A still from Anya's Tutorial
A still from Anya's Tutorial

Anya’s Tutorial Series Review: A nerve-racking horror tale that demanded a better closure 

Anya's Tutorial oversells the horror genre and barely tries to offer a cohesive ending, but it does succeed in creating a creepy atmosphere
Rating:(3 / 5)

Creating and sustaining tension is sacrosanct in horror; it is a deal-breaker. Tension separates good horror from bad horror. Acts like a person walking down a spooky hallway with flickering lights or venturing into the woods alone at the midnight are to the horror genre what hand-to-hand combats and gun fights are to action. Constricted spaces, dim lighting, and corners from where anything can jump at you are elements the genre thrives in. Silence pronounces eeriness; stillness foreshadows shock; emptiness carries creepiness. While watching horror, our mind is driven by fear of something terrible happening in the blink of an eye. It’s a genre that has tension innately engraved in it. This is why Anya’s Tutorial by Pallavi Gangireddy is a compelling watch for the most part. It keeps us on edge, always on the lookout for the sight of a ghost in every corner of the screen. When it finally drops the scare, whether it rattles you or not is a subjective reflex, but the objective of the filmmaking here is to make us experience the stress. And it bloody well does that. 

For the most part of Anya’s Tutorial, nothing really happens. And it is most effective during this part. The narrative spends a substantial chunk of runtime following the titular character (a confident Nivedita Sathish) and numerous other characters who just sit in front of the webcam in a creepy house as we await the ghost to jump at us. Surprisingly, the series never aims for low-hanging fruits—although there are a couple of jump scares. The emphasis is more on the mysterious atmosphere and less on the frights. 

Cinematographer Vijay K Chakravarthy and art directors Abhishek Raghav, Thirumala and Nagendra capture the spookiness of the haunted house brilliantly. The light and shadow play is spot on, always piquing you to closely observe every nook and corner, just to be sure there is nobody hiding in the background and that really is the show’s biggest strength; it creates an environment where the possibility of creating a scare is omnipresent. 

You even wonder if Sun exists in the world of Anya's Tutorial. Every scene is punctuated by dark spaces, making it a playground for a horror filmmaker. The setting might not look real but it is chilling and that gets the job done here.

Instagram lives serve as the core plot point—when the ghost in Anya’s house makes an appearance behind her during a live streaming session, it sparks a debate about the genuineness of the paranormal sighting and also catalyses the online following. Although the series doesn’t comment much on the influencer culture, it puts this live feature to a terrific usage visually. The vertical image ratio lends a claustrophobic look to the show and helps enhance the fear.

After four episodes that set up the main character and hint at the backstory—a traumatic childhood involving another haunted house and Anya's troubling relationship with her sister Madhu (Regina Cassandra, acing a grey role like always, even though the character is not fully etched out), the problems begin to emerge when the narrative refuses to go a notch higher.
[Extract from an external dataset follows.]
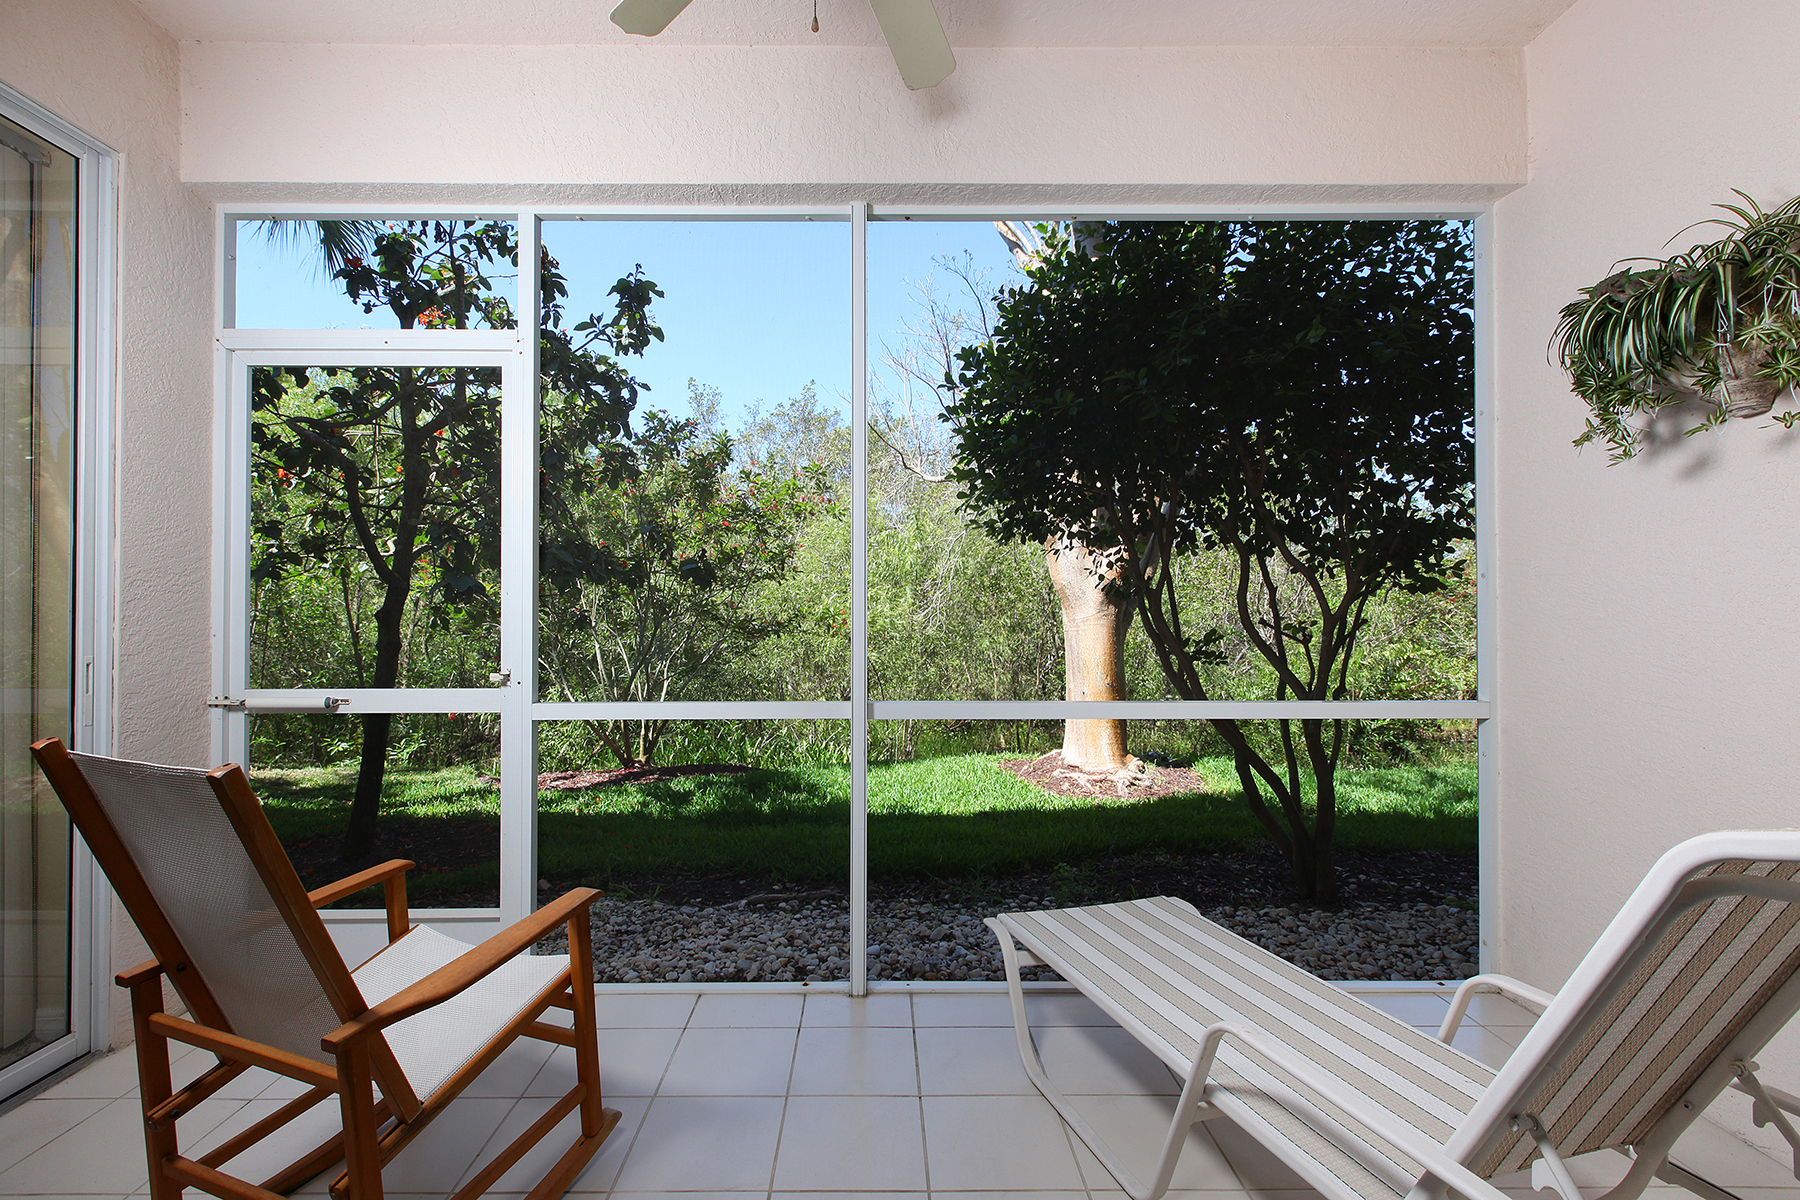 Condomínio para Venda às FIDDLER'S CREEK - WHISPER TRACE 8305 Whisper Trace Way 102 Naples, Florida, 34114 Estados Unidos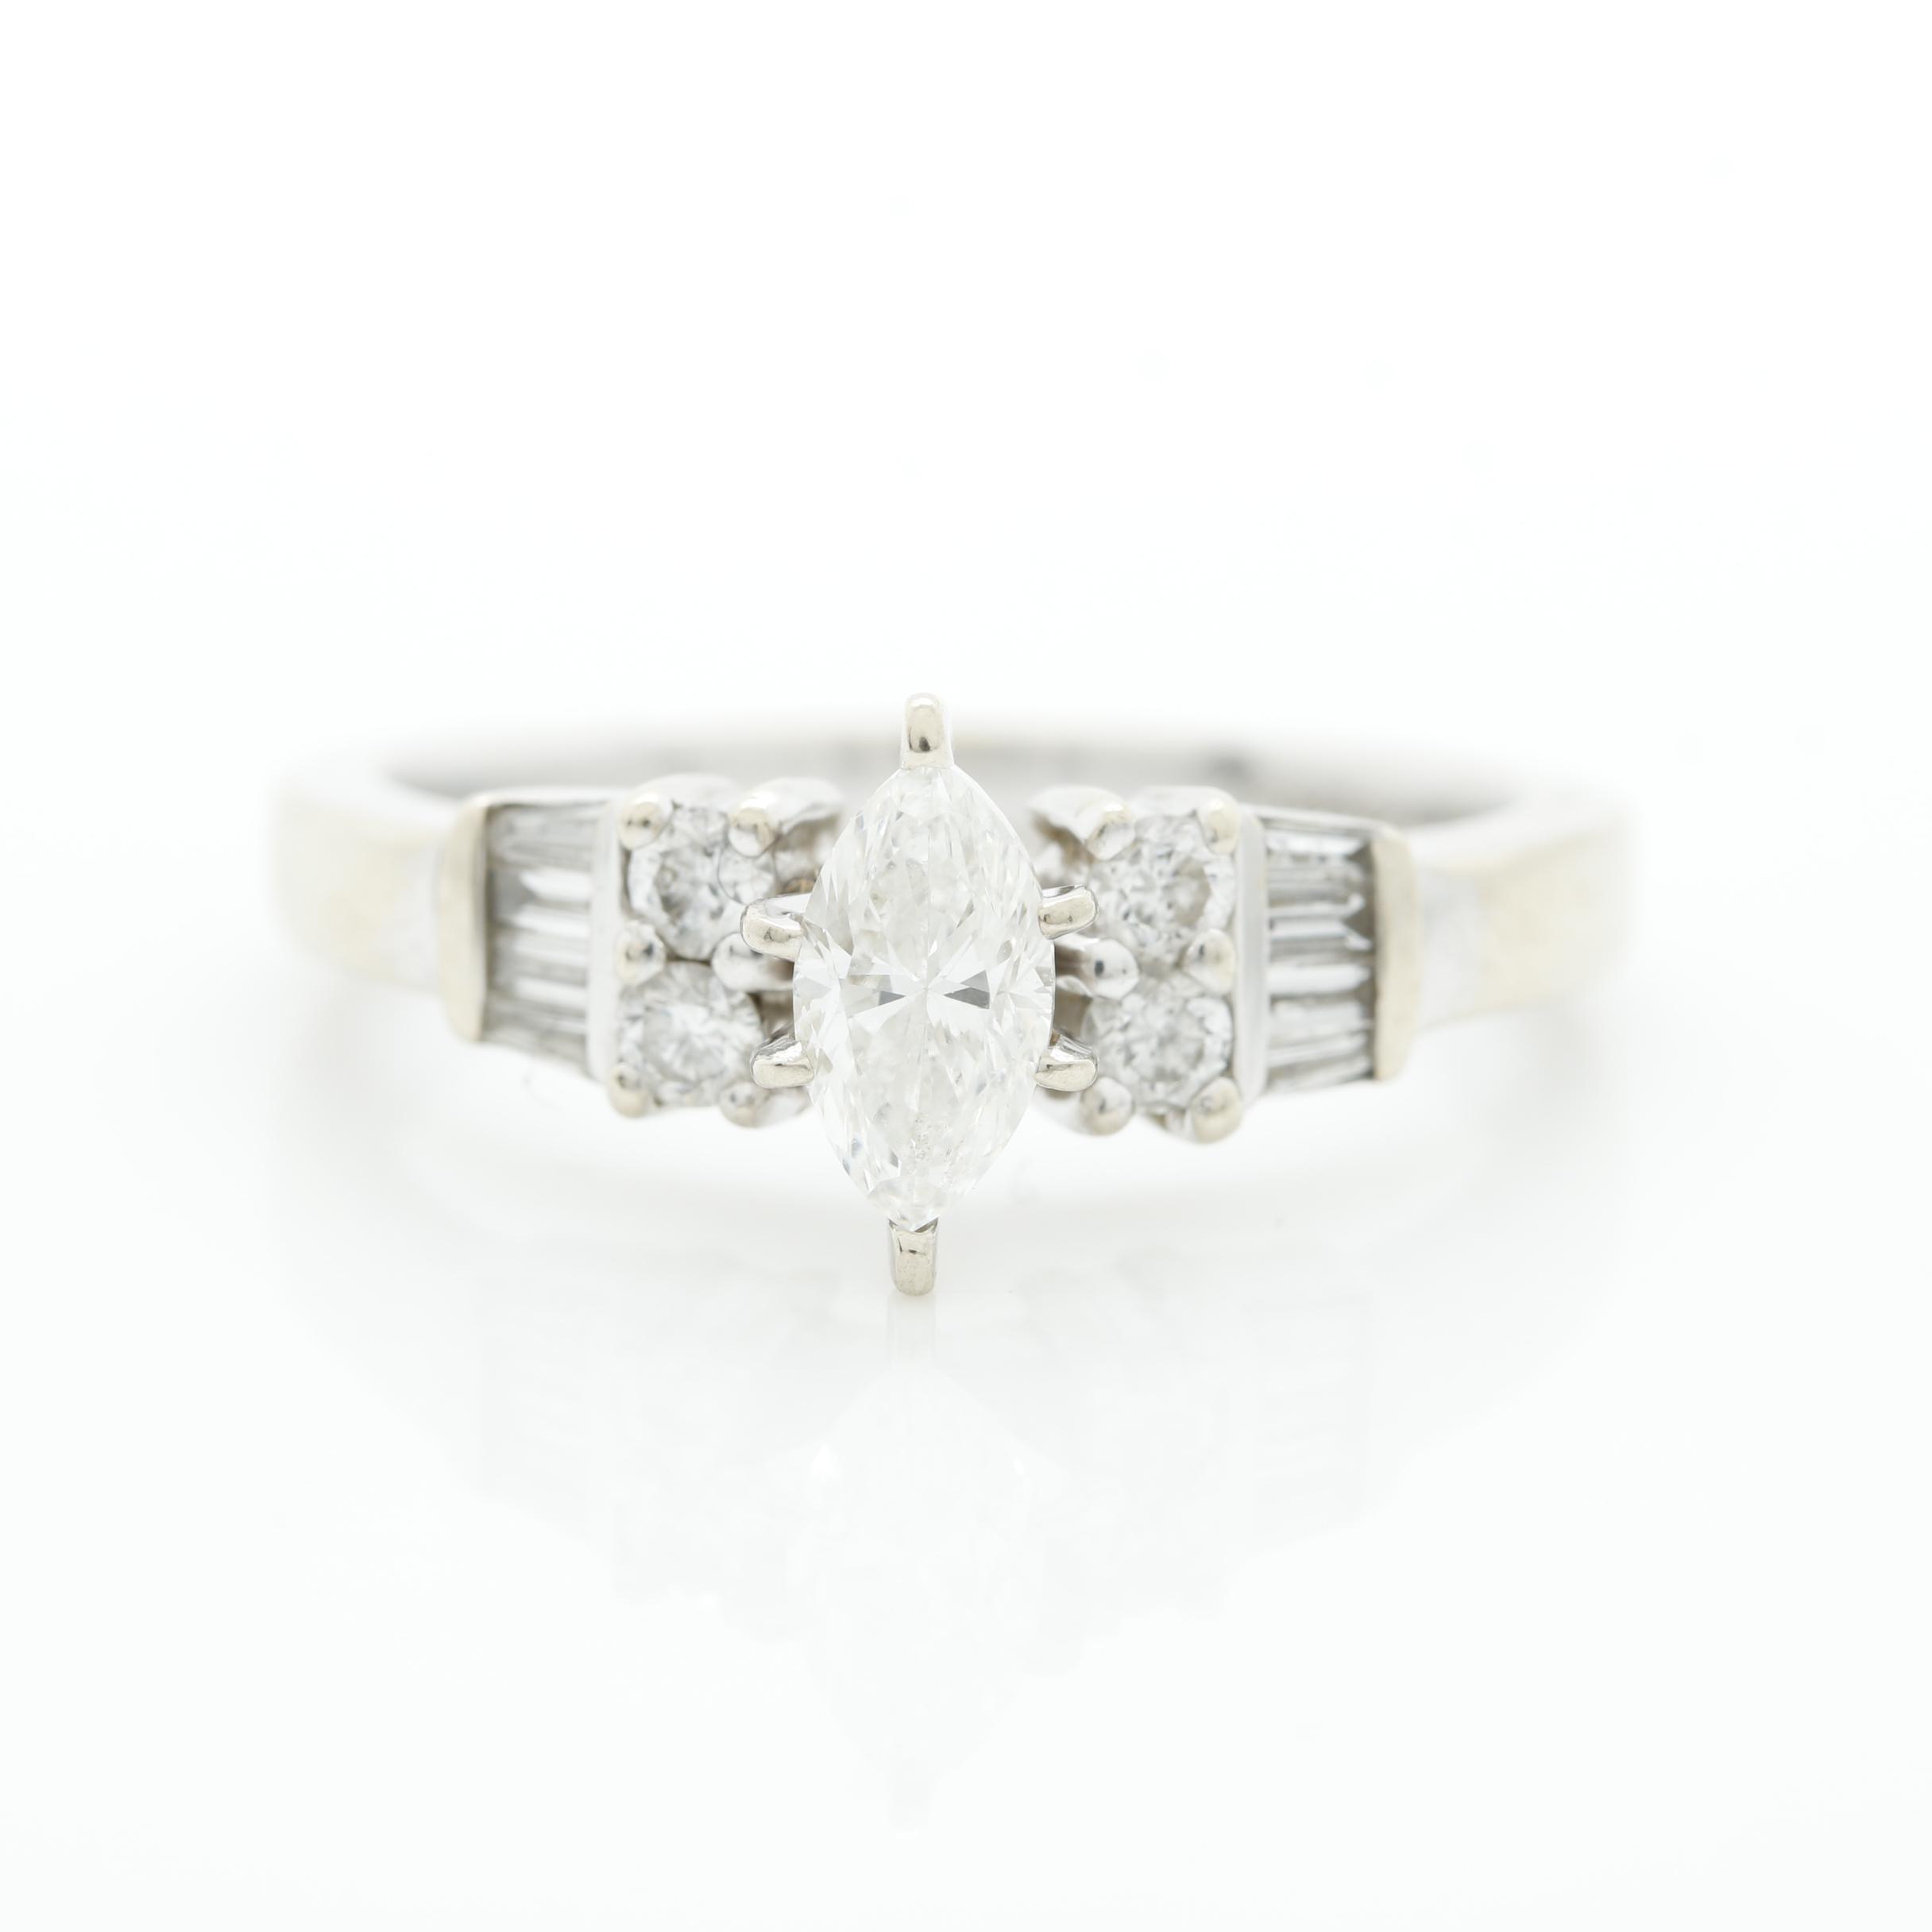 14K White Gold 0.84 CTW Diamond Ring

By then, we are aware of the ghost in Anya’s new house and the actual ghosts of her past, but the focus remains on creating more threads instead of exploring any one of them with the depth they deserve. The writing plants more questions than it can answer, culminating in an ending that’s infuriating for all the wrong reasons. A child abuse angle is introduced; while it is revealed to us that Anya suffered abuse as a child early on in the show, the writing still makes it a point to build its flashback sequences towards this incident, which adds no value when it drops finally. There is an angle involving a teenager who starts feeling a supernatural presence after watching Anya’s live streams; a news report says that kids who are watching Anya’s live streams are missing; and there’s a paranormal expert who is affected… you see, not one of these facets is explored. After a point, I wondered what the main conflict was. Even the tension relents towards the end, ascribed to overkill. 

Why add layers of mystery when there is no intent to solve, or at least, address it? The ending is decidedly left cold, just like the body of the ghost Anya sees as a child, whose purpose we never learn about, because the show doesn’t really care in offering a conclusion. Cold endings and cliffhangers are great, incomplete and half-baked endings are not; Anya’s Tutorial mistakes the latter for the former.

Barring its ending, Anya’s Tutorial, as a horror show, posits some interesting ideas on the table and comes close to realising some of them. A tense atmosphere from start to finish, however, ensures that it holds our attention as the horror unravels before fizzling out towards the end.